→ **Task description**:
Everything in the listing below must be set down again exactly, apart from the pictures.
[Opening Supplied material section]
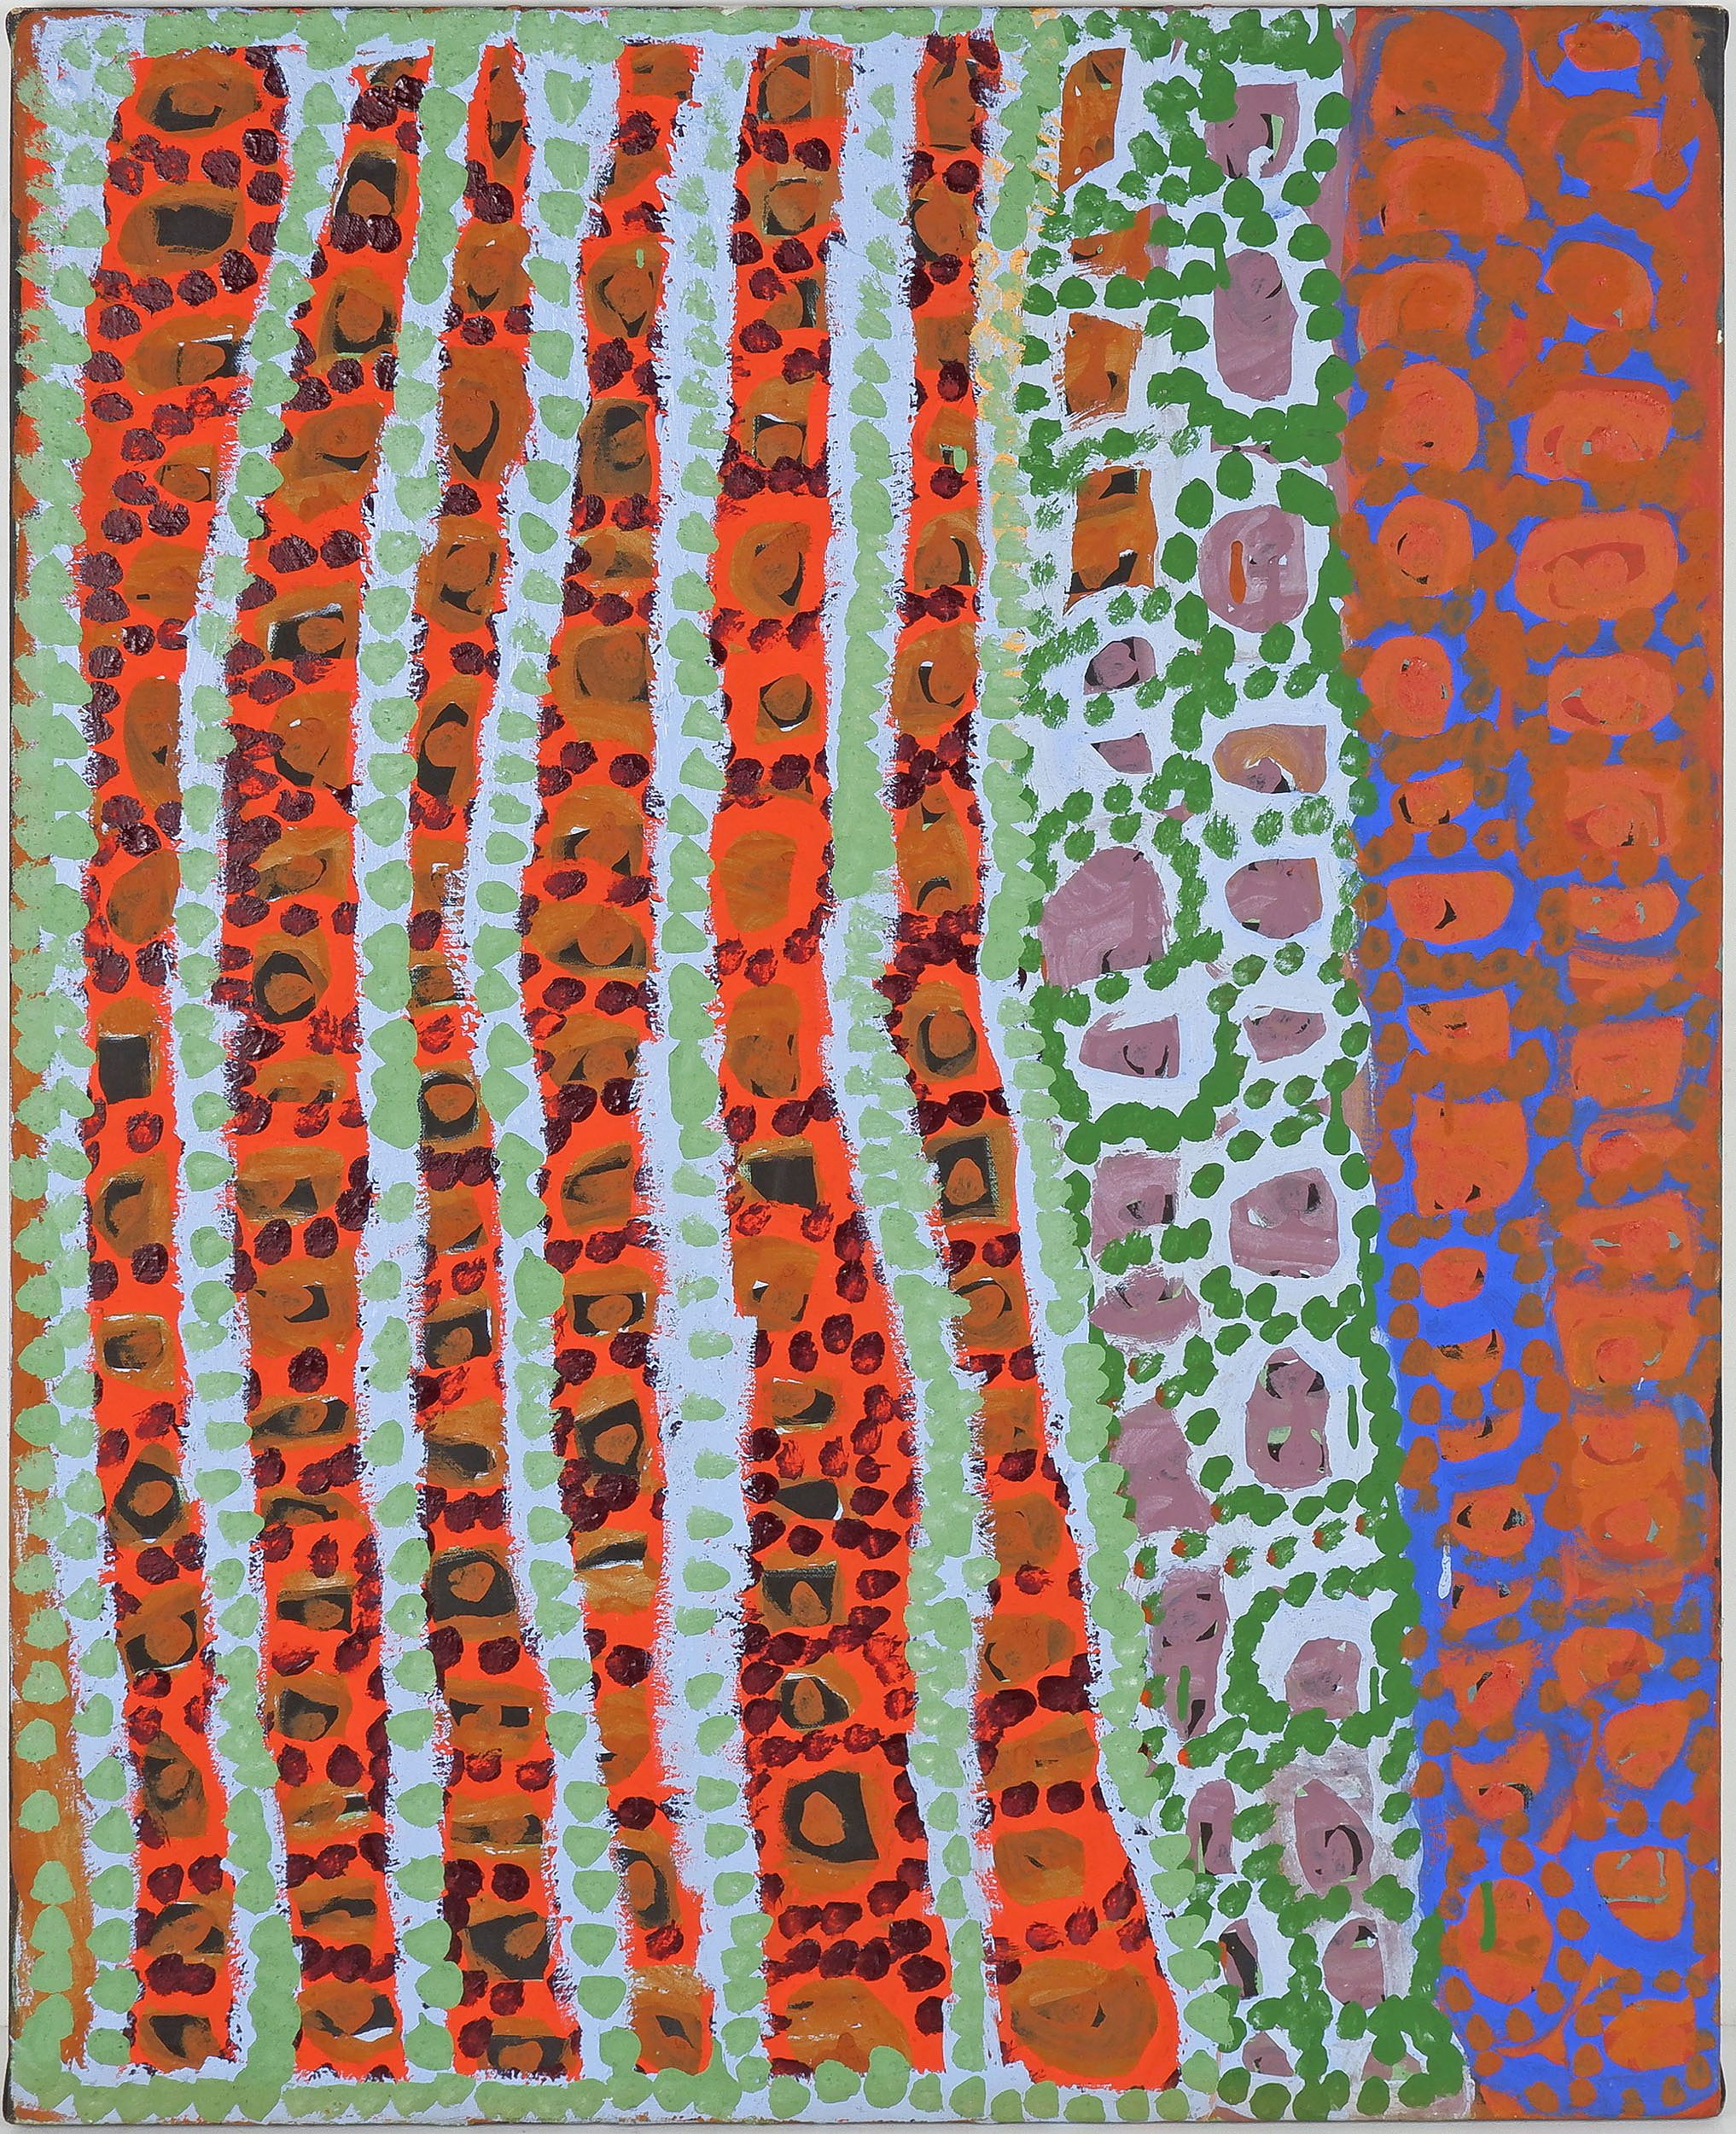 'Sally Liki Nanii (c.1932-) Kirriwirri, Acrylic on Canvas'
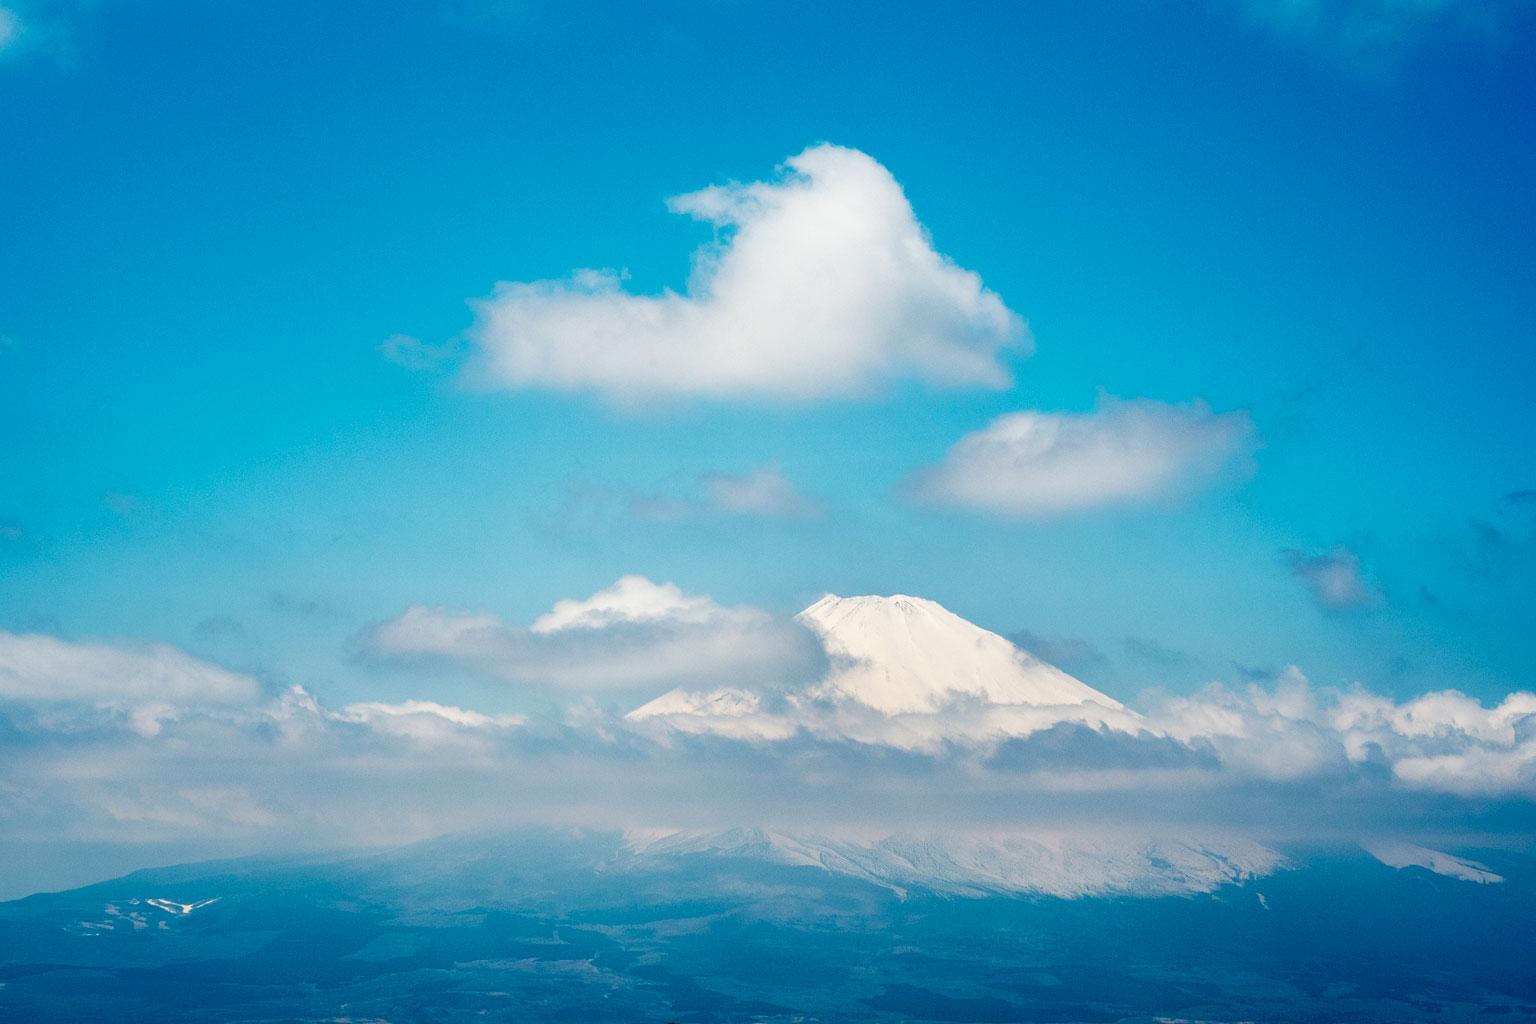 120408_PR_Japan_04_F09492.jpg
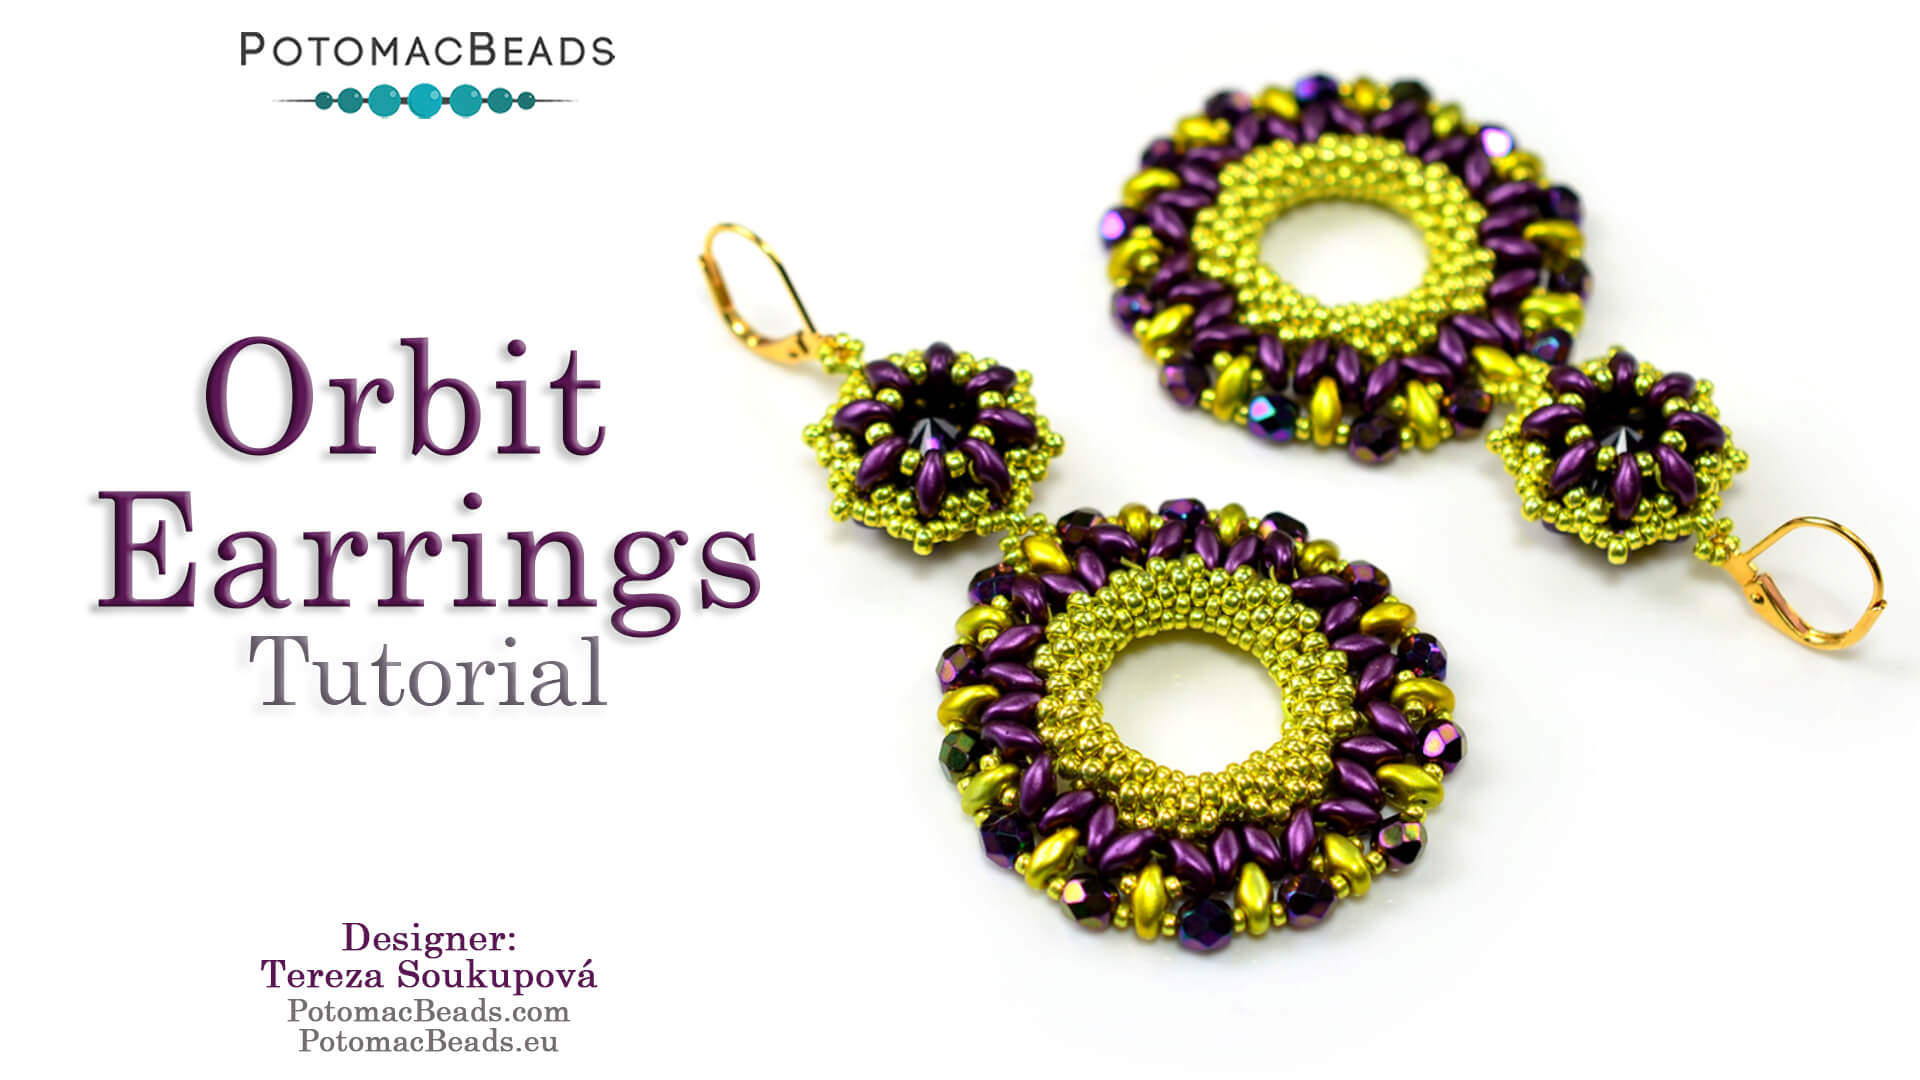 How to Bead / Videos Sorted by Beads / SuperDuo & MiniDuo Videos / Orbit Earrings Tutorial
[Closing Supplied material section]
→ **Your solution**:
 'Sally Liki Nanii (c.1932-) Kirriwirri, Acrylic on Canvas'
 120408_PR_Japan_04_F09492.jpg
 How to Bead / Videos Sorted by Beads / SuperDuo & MiniDuo Videos / Orbit Earrings Tutorial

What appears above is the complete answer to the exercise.